The Department of Defense/DOE TATB Technical Working Group—composed of many members including Lawrence Livermore researchers—played a critical role in finalizing a domestic production capability for the high-temperature explosive TATB (triaminotrinitrobenzene) at BAE Systems’s Holston Army Ammunition Plant in Tennessee and successfully qualified laboratory- and pilot-scale TATB production through the readiness campaign. Several years of effective leadership led to the restoration of a full-scale production capability for a material that is critical to the safety of both the conventional and nuclear weapons stockpiles. The determination and expertise of the group’s diverse participants enabled this complex endeavor.

Through years of consistent effort, Paul Nowak has developed a modern three-dimensional computational physics capability that has significantly redefined the simulation approach to nuclear weapons design and assessment, as used in the annual assessment review and in developing options for future life-extension programs. This capability combines improved physics fidelity with a computational efficiency that allows routine use on massively parallel supercomputers.
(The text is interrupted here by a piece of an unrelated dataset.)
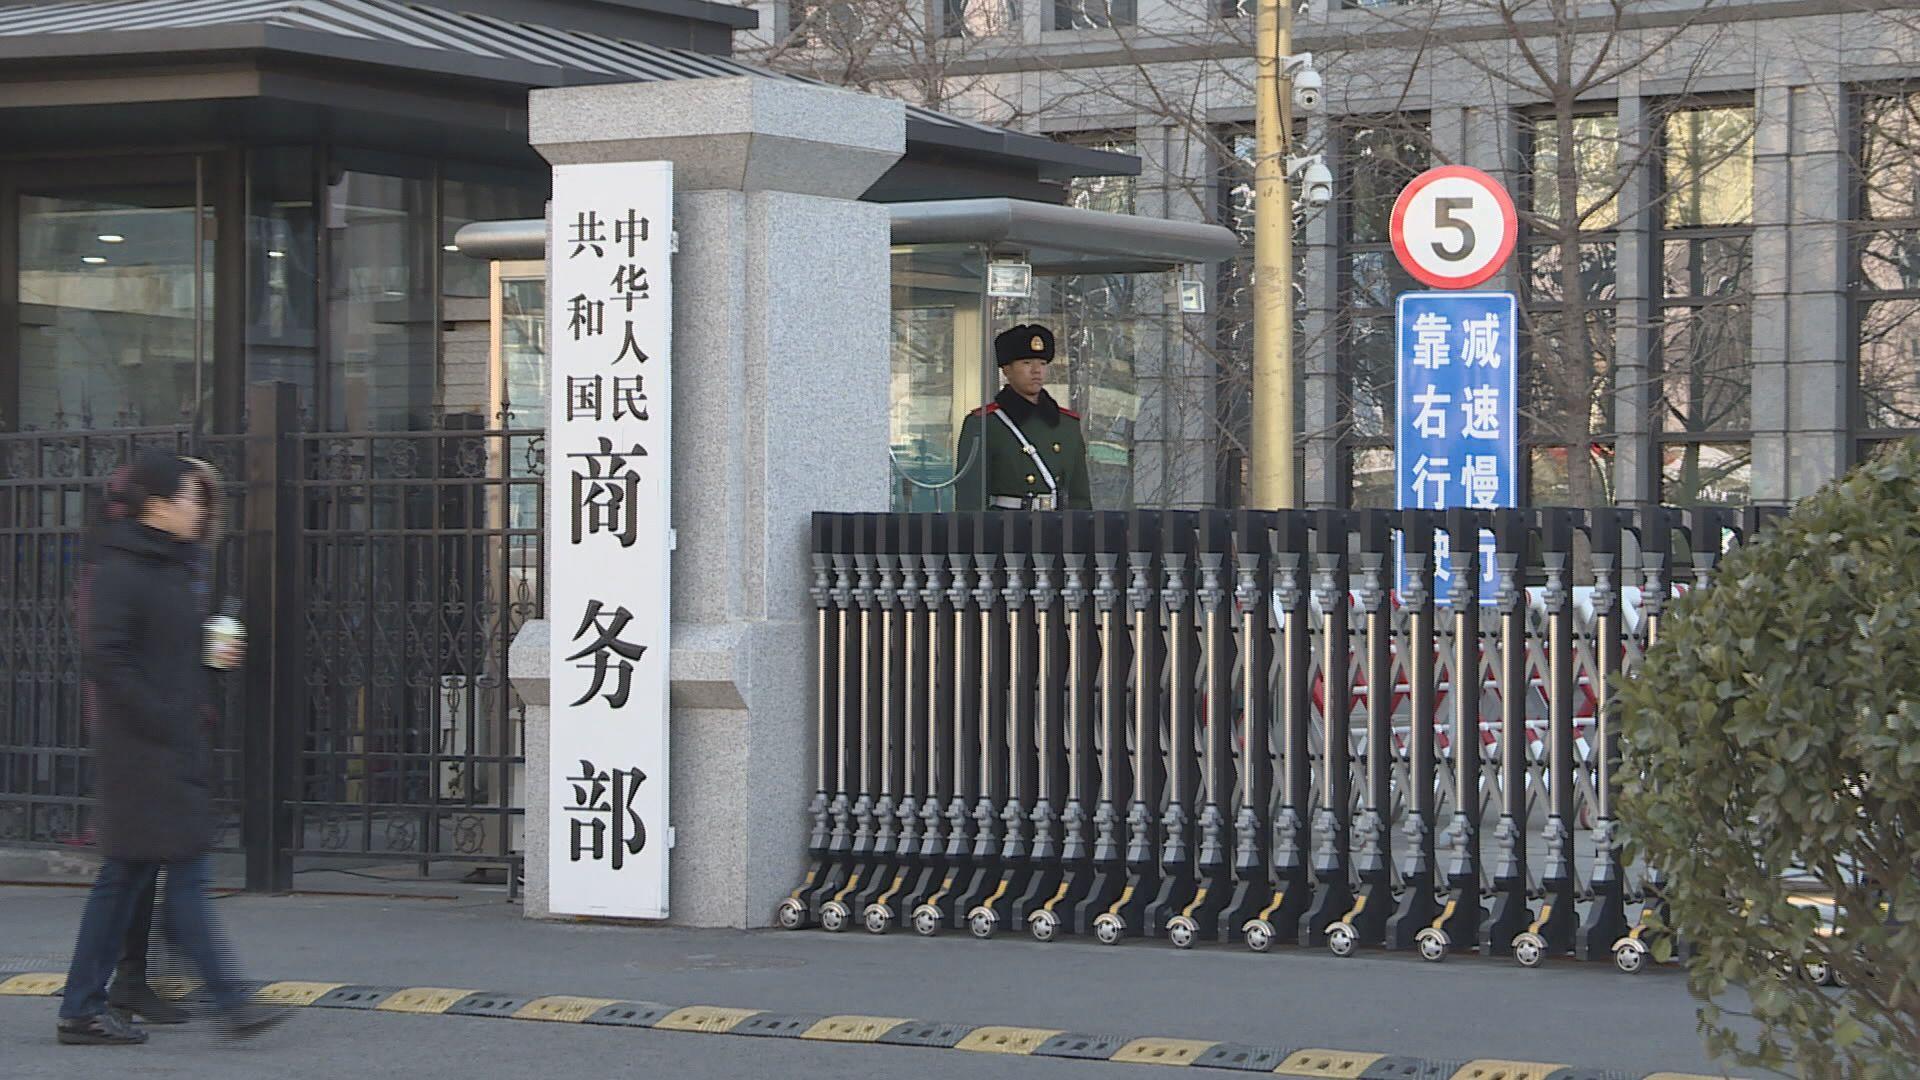 【中美貿戰升級】商務部:中方不得不同步進行反制

Over the last three decades, Wigbert Siekhaus has developed a complete and comprehensive model of the aging behavior of a major component in the detonation system used in Lawrence Livermore and Los Alamos nuclear explosives. Documentation of this extensive work was completed in 2012. His results aided the decision-making process behind the forwarding of a Livermore weapon system for consideration as the warhead in the proposed long-range stand-off weapon. The corrosion of gold wires by lead–tin–indium solders has been a potential source of performance degradation in detonators since the early days of the Manhattan Project. It also is a source of concern for electronic components fielded in long-duration space missions supported by NASA.
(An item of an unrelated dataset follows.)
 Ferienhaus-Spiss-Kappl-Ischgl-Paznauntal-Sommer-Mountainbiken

A team of researchers led by Andreas Kemp received a 2014 Leadership Computing Challenge Award from DOE’s Office of Advanced Scientific Computing Research (ASCR) to further pursue the study of short-pulse laser interactions with solid-density plasmas using supercomputer simulations. The research project entitled “Laser-Driven Relativistic Electron Beam Filamentation in Solids” was awarded 30 million central-processing-unit hours on the Titan Cray XK7 supercomputer at Oak Ridge National Laboratory, the world’s second fastest supercomputer. The ASCR Leadership Computing Challenge Awards provide large computing time allocations on leadership-class supercomputer systems for projects of interest to DOE. The award will allow for large-scale simulations to be performed in support of Kemp’s 2012 DOE Early Career Research Program Award. This computer modeling work applies high-energy-density laser physics (HEDLP) to such astrophysical problems as gamma-ray bursts and the origin of cosmic rays. Other applications range from fusion energy to the controlled amplification of desirable radiation or particle beams of interest for possible medical use. Computer modeling is essential to the design and interpretation of experiments in HEDLP.